Mais les grands batteurs chanteurs ne restent rarement pas derrière leurs fûts pour toujours. En 2021, avec le soutien de Dan Auerbach (The Black Keys), qui signe la réalisation, Frazer publie Introducing…, une petite perle rétro des années 60 à la soul politique des années 70, à la Marvin Gaye ou Curtis Mayfield. Cet album marque le début de sa carrière solo, mettant en lumière son talent exceptionnel et sa capacité à capturer l’essence de la soul tout en y ajoutant une touche contemporaine.

 

@aaron_frazer

 

Né en 1991, Frazer a été profondément influencé par le hip-hop dès son plus jeune âge, avec l’achat de son premier CD, Big Willie Style de Will Smith. Se rêvant beatmaker, il découvre que le hip-hop est une source inépuisable de samples de musique soul historique, ce qui l’a conduit à tomber amoureux de ces 45 tours des années 60. Sous le pseudo The Flying Stars Of Brooklyn NY, il a publié un deux titres, My God Has A Telephone et Live On, affirmant ainsi sa volonté de faire de la soul influencée par le hip-hop.

C’est donc tout naturellement qu’il invite à la co-production des nouveaux titres Alex Goose (Freddie Gibbs/Madlib) qui cite pour influences Serge Gainsbourg, Ennio Morricone, Bob Dylan, Dr. Dre et Holland-Dozier-Holland. « En 2018, j’ai envoyé un message du genre : “Yo, je sais que c’était il y a longtemps, mais j’ai adoré cette mixtape”. Il venait de sortir des instrumentaux avec les a cappella de Jay-Z que ce dernier n’avait pas utilisés pour Blueprint 3. Nous sommes devenus amis à partir de là », dit Frazer.

À l’origine de ce nouvel album, une rupture amoureuse et un déménagement à Los Angeles, apportant leur lot de solitude et de vide. De nature réservée, Aaron souhaitait offrir un portrait intime de lui-même et partager ses émotions. Dès l’ouverture de Into The Blue, nous sommes plongés au cœur de la nostalgie avec une ballade soul poignante : « Lonely nights like this, still I feel your kiss » (« nuits solitaires comme celle-ci, je sens toujours ton baiser »). Le morceau éponyme qui suit évoque les dernières productions de Michael Kiwanuka (Danger Mouse et Inflo aux manettes NDLA) avec ses cordes à la Morricone, telle une odyssée vers l’ouest.

 

 

Le changement de domicile se reflète dans Fly Away, inspiré par la chanson éponyme de 1992 du boys band texan R&B Hi-Five, réimaginée par Goose et Frazer avec un rythme contemporain et une voix rappelant celle de D’Angelo. « Lorsque Mary J. Blige a explosé, j’avais l’impression qu’elle prenait des échantillons de soul des années 70 et chantait cette approche R&B des années 90 par-dessus », a déclaré Frazer. « Ici, j’utilise les mêmes ingrédients, mais en inversant le rapport. Bizarrement, j’avais écrit la voix et la mélodie avec Lydia Kitto de Jungle, avec qui j’ai écrit plusieurs chansons sur cet album. Goose avait créé un instrumental, et il m’a dit : “Yo, qu’est-ce que tu penses de ça ?” Il s’est avéré que les accords étaient les mêmes que ceux de la chanson que nous avions écrite, alors nous les avons combinés. »

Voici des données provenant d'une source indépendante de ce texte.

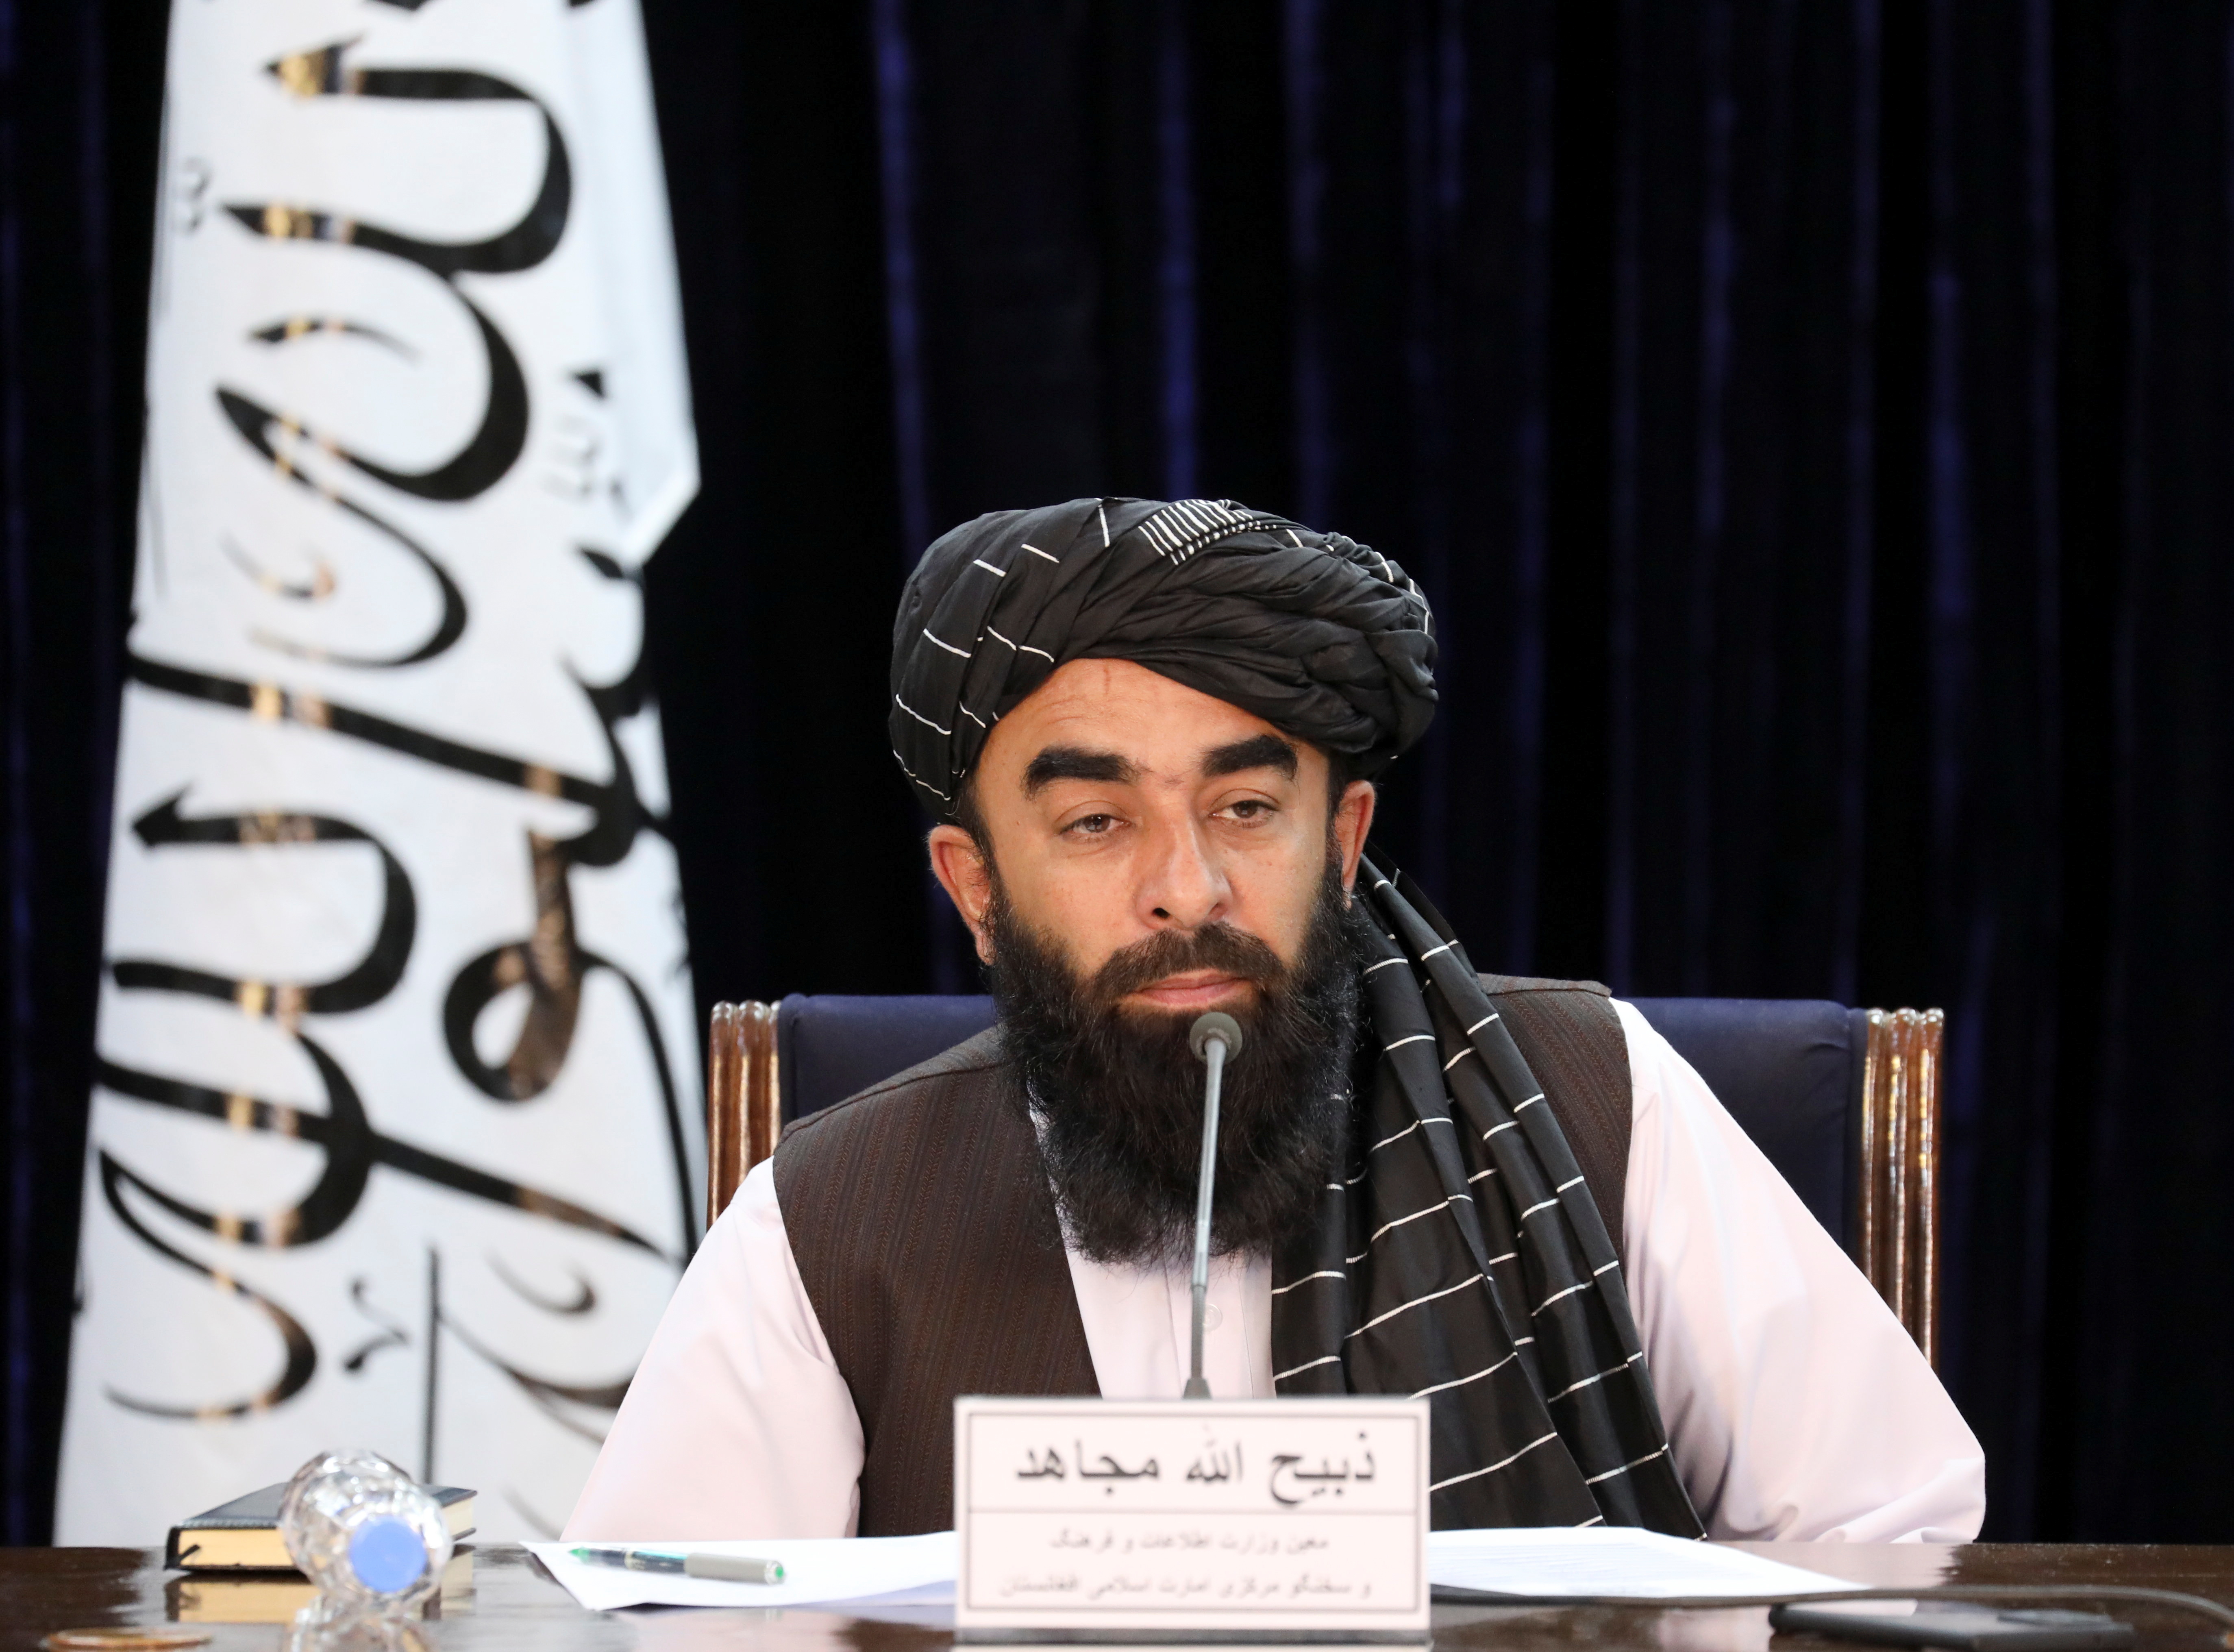 Taliban spokesman Zabihullah Mujahid speaks during news conference in Kabul
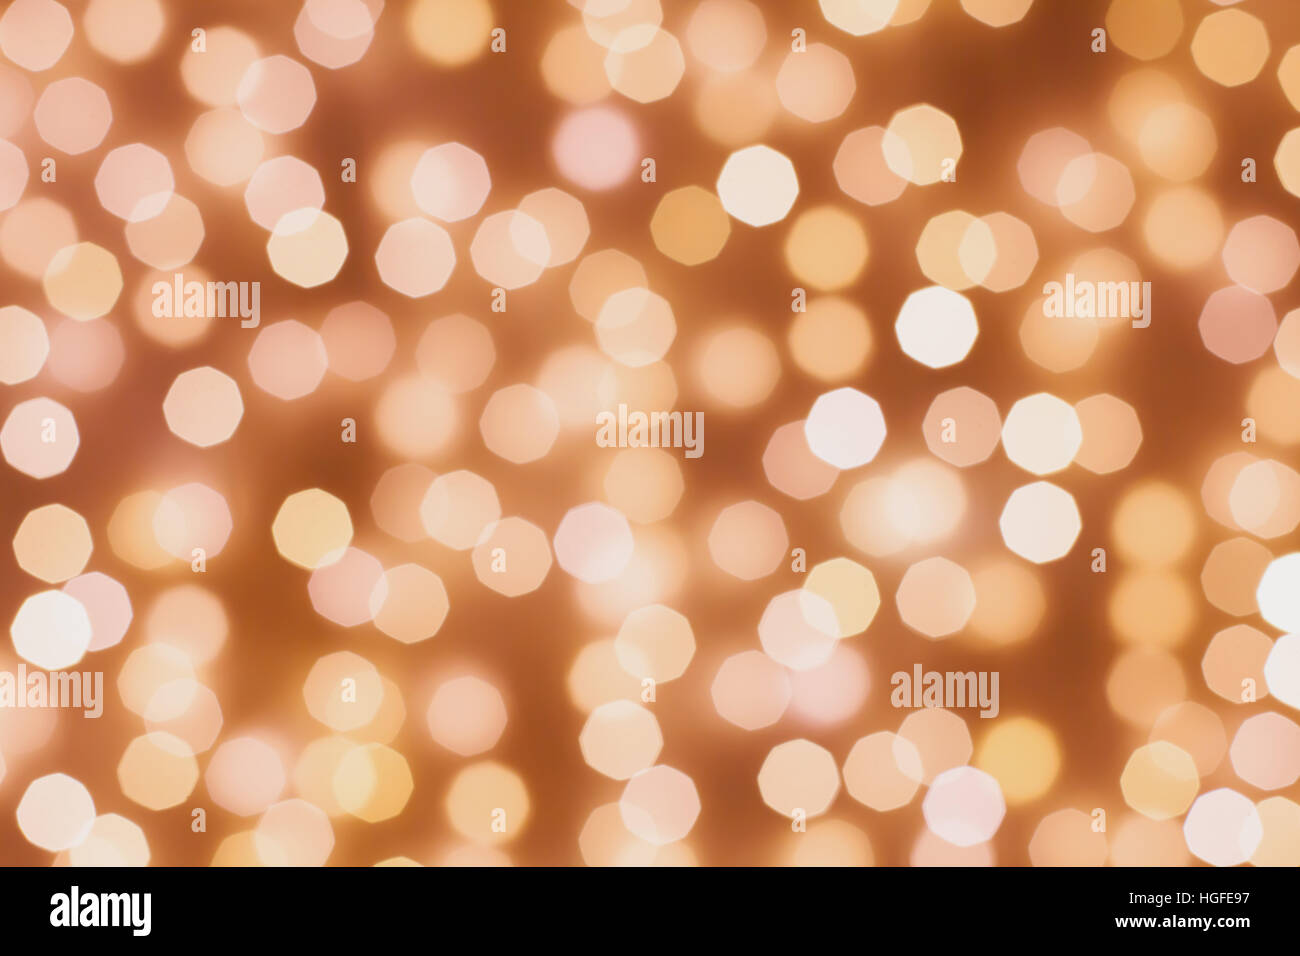 blurred christmas lights festive background Stock Photo

Des titres comme le karmique Payback avec sa ligne de guitare et Perfect Strangers avec ses harmonies vocales doo-wop démontrent la capacité de Frazer à fusionner différents genres pour créer quelque chose de nouveau et excitant. « Pour Payback, j’ai commencé par le tambourin et j’ai développé la batterie à partir de là. J’ai pris une basse. Je joue de la basse sur cet album, ce dont je suis très fier car je pense que c’est le seul crédit de basse que j’ai obtenu jusqu’à présent. La ligne de basse est venue ensuite et j’ai commencé à penser à une scène de poursuite, mais je ne voulais pas qu’elle soit si littérale. J’ai l’impression que le karma est quelque chose qui se retourne contre vous, et c’est quelque chose auquel tout le monde peut s’identifier d’une manière ou d’une autre », explique Frazer.

Le popissime Dime est né d’un duo américano-chilien avec la batteuse-chanteuse Cancamusa. « Dime signifie “dis-moi” en espagnol », explique Frazer. Cette chanson a commencé avec la boîte à rythmes que beaucoup de gens associent à Hotline Bling de Drake, et qui est en fait celle de Timmy Thomas. Nous avons commencé par cette boîte à rythmes, et elle m’a mis dans un état d’esprit tropical. Je savais que je voulais avoir un artiste hispanophone sur cet album. J’avais récemment découvert Cancamusa, une collègue batteuse-chanteuse. Son rôle dans cette chanson est crucial pour l’histoire, et si spécial. » Frazer ajoute : « Je me suis retrouvé à revenir sur les bons moments les choses qui allaient bien, pas seulement les choses qui allaient mal. C’est très personnel, mais je me suis souvenu des premiers jours où je me sentais prêt à dire “je t’aime”. J’avais peur que ce soit trop tôt, et j’ai essayé pendant des jours de me retenir, mais il fallait que je le dise. »

 

 

L’album se conclut avec le disco scintillant Easy To Love et le son brut de The Fool, offrant une fin à la fois énergique et introspective. Into The Blue est un voyage émotionnel qui nous invite à explorer les profondeurs de son âme et à embrasser la beauté de la musique et du cinéma. C’est un album cinématographique, un film sonore que Frazer nous encourage à écouter jusqu’à la fin pour en saisir toute la profondeur et la magie.

 

Into The Blue est disponible via Dead Oceans.

En concert à Paris, le 19 octobre 2024, à La Maroquinerie.